Monday, January 4, 2010
Confusion from a complicated relationship
Lindsay asks about her connection with S.C. She says, " We have had a very complicated relationship; we've been many things to each other in this lifetime and I feel like we have known one another far longer than that. I love this person with every ounce of my being. In fact, we have such an intense, other worldy connection that I worry I will not find a future life partner who I feel as deeply connected to as him. What purpose have we served for each other in this lifetime and will another wonderful soul come along that I can spend my life with? It has always been my dream to love and marry someone who is my best friend, someone who connects with me on all levels. Is this in my future? Thank you for your love and guidance.
This blessed being is so confused and conflicted.

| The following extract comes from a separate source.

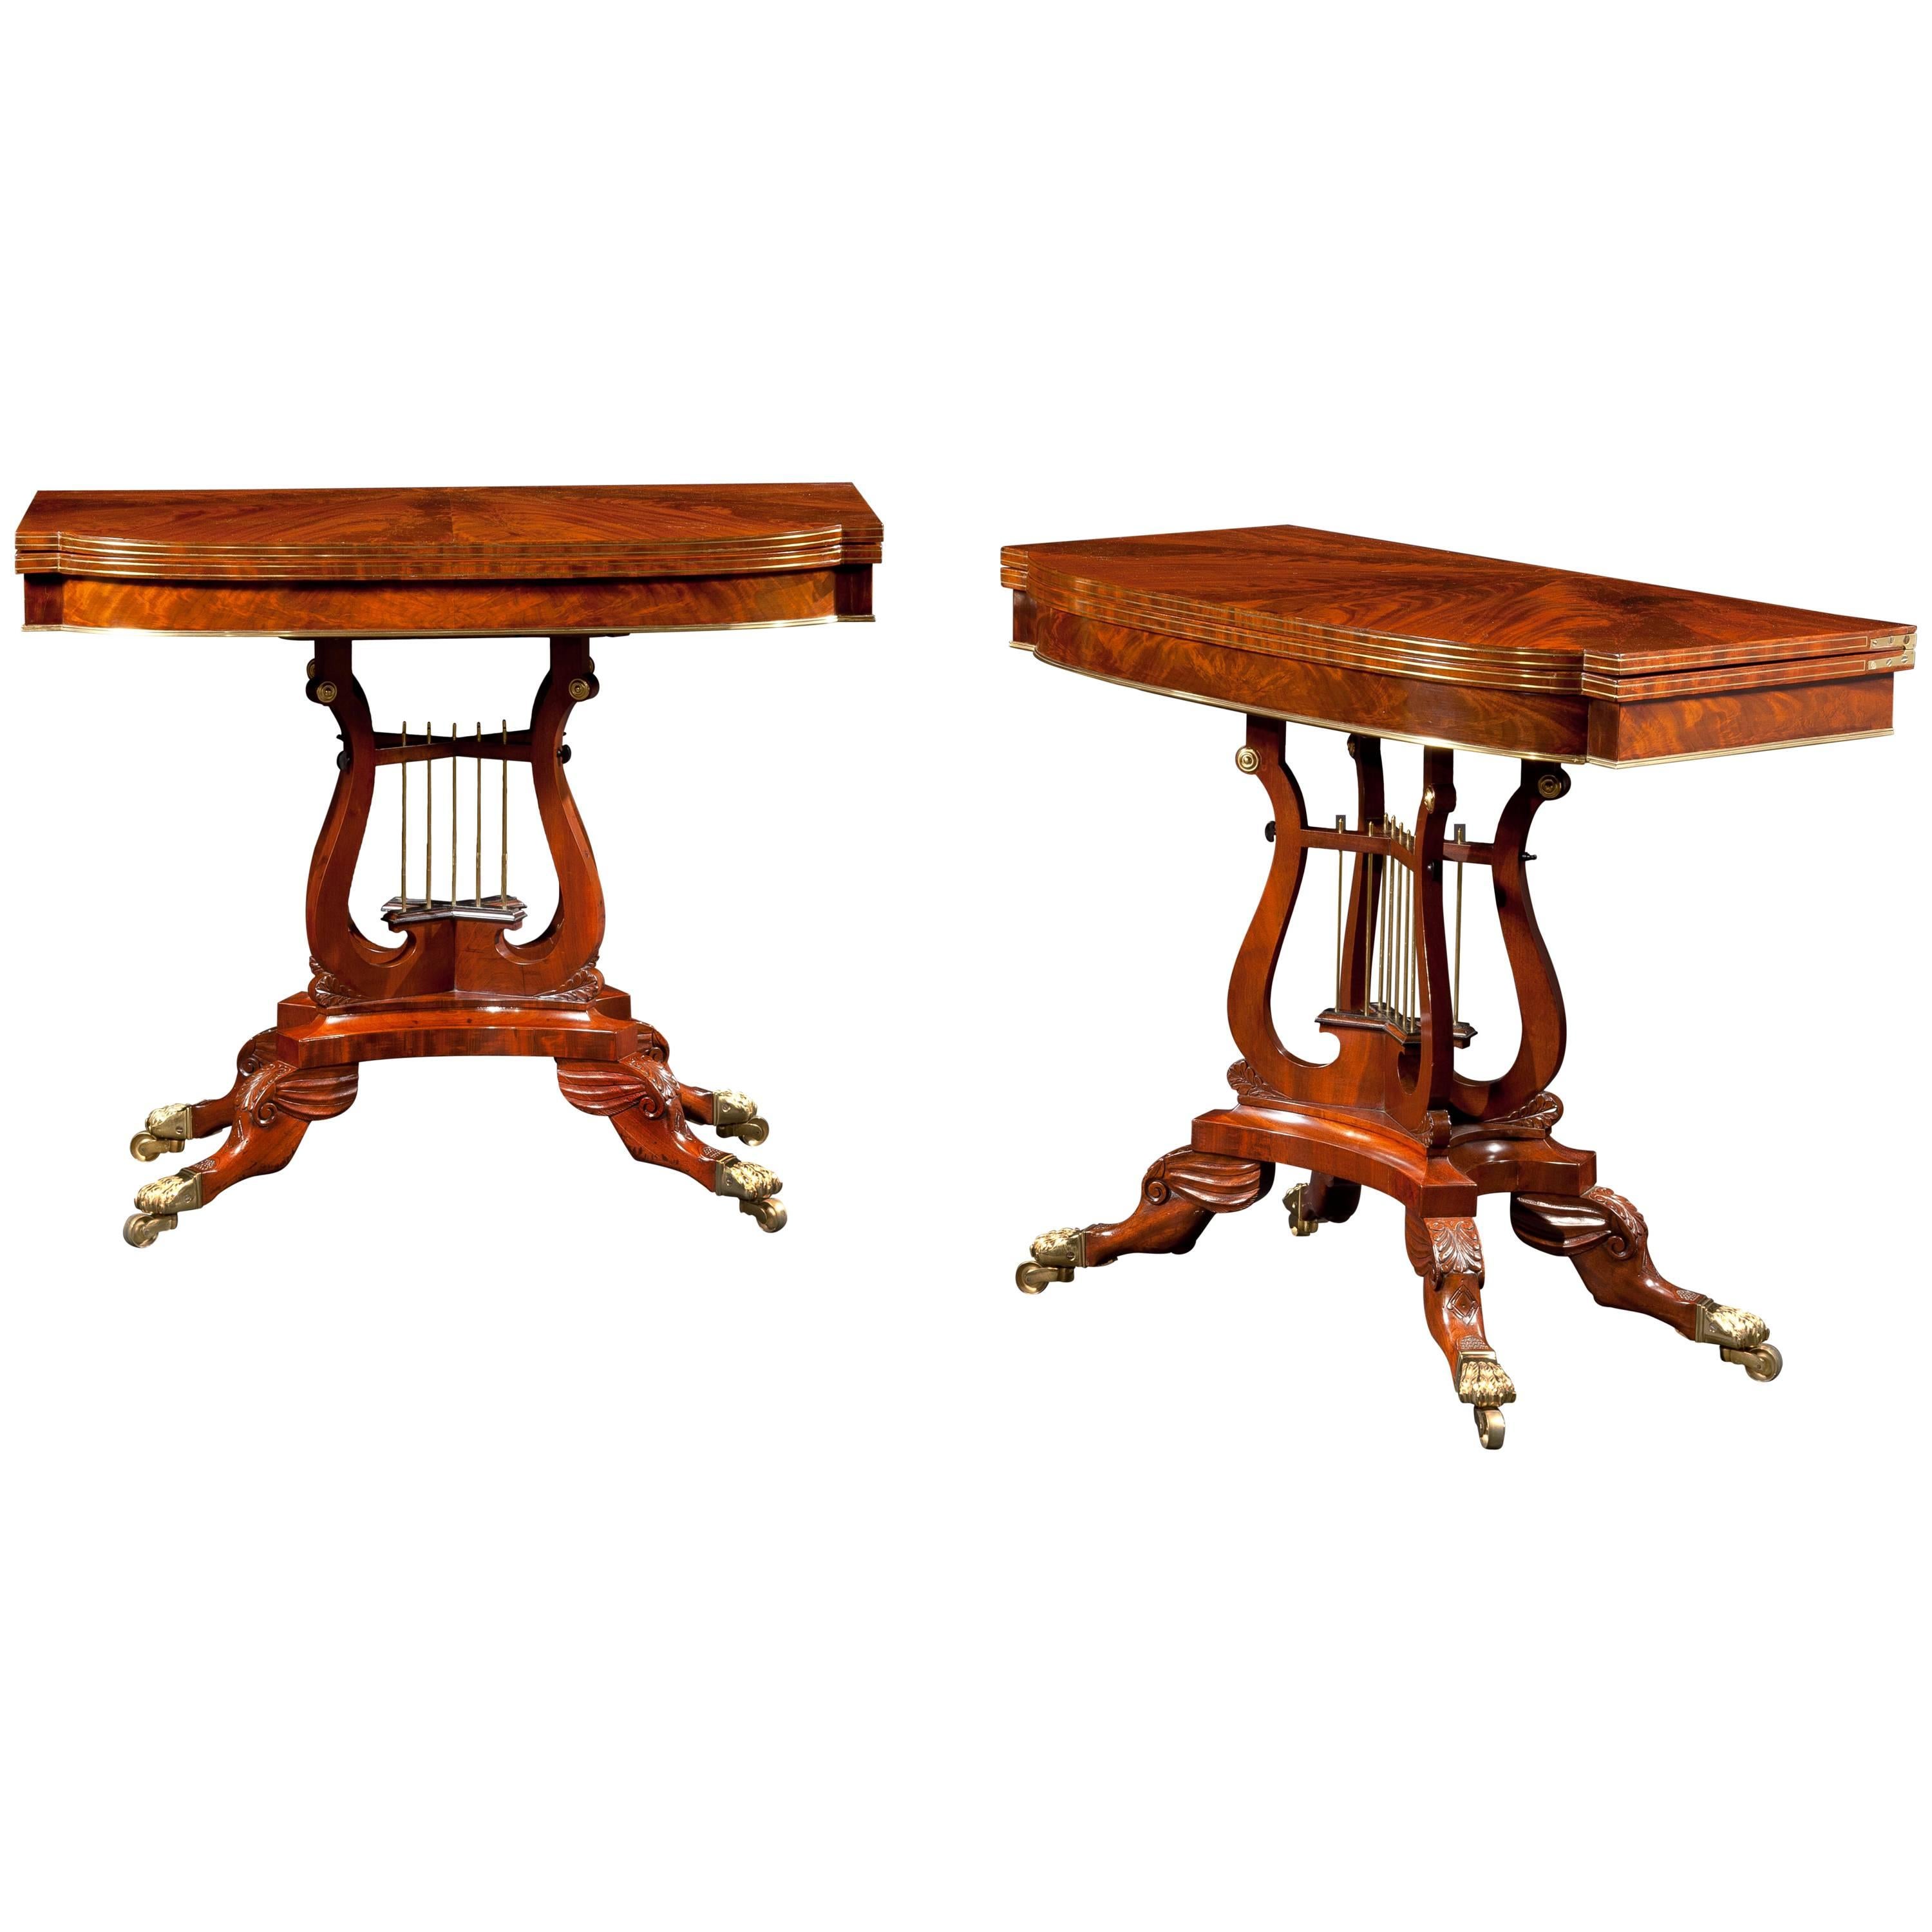 Pair of Brass-Mounted and Inlaid Games Tables

She is now questioning her own center of being. Dearest Lindsay, it is because you have stood and watched another being., I don’t mean to be negative, but you have stomped about and hurt so much of your sense of feeling. And so you are confused. Wondering if this is how you should behave? Is that what wins at the end? I want you to wipe the slate clean, my dear. I want you to know that there was learning in this, but it is not yet time to understand why. It is time to heal.
And how does one heal when one has been twisted in many ways, and not knowing your own sense of being. Oh dear heart, take your baths, your walks. Re-unite with you. Give yourself a sense of who you be again. Never mind looking for another mate. Look to find yourself. So many times when one is in deep pain in the physical world, one seeks another to make it better. Instead of healing that pain, you slap on a bandage. And before you know it you have a festering boil that must be lanced and needs emergency surgery. Do you see what I am saying? Take time Lindsay, now, to heal it instead of getting into another relationship and having all chaos breaking out.
Don’t look for your bandage dearest. Allow the sunlight on to your sores, onto your pain. Acceptance. Know that it happened. None of this stiff upper lip nonsense. Gentle soul, you are a lover. You love to be. Heal yourself and you will be ready for your future love.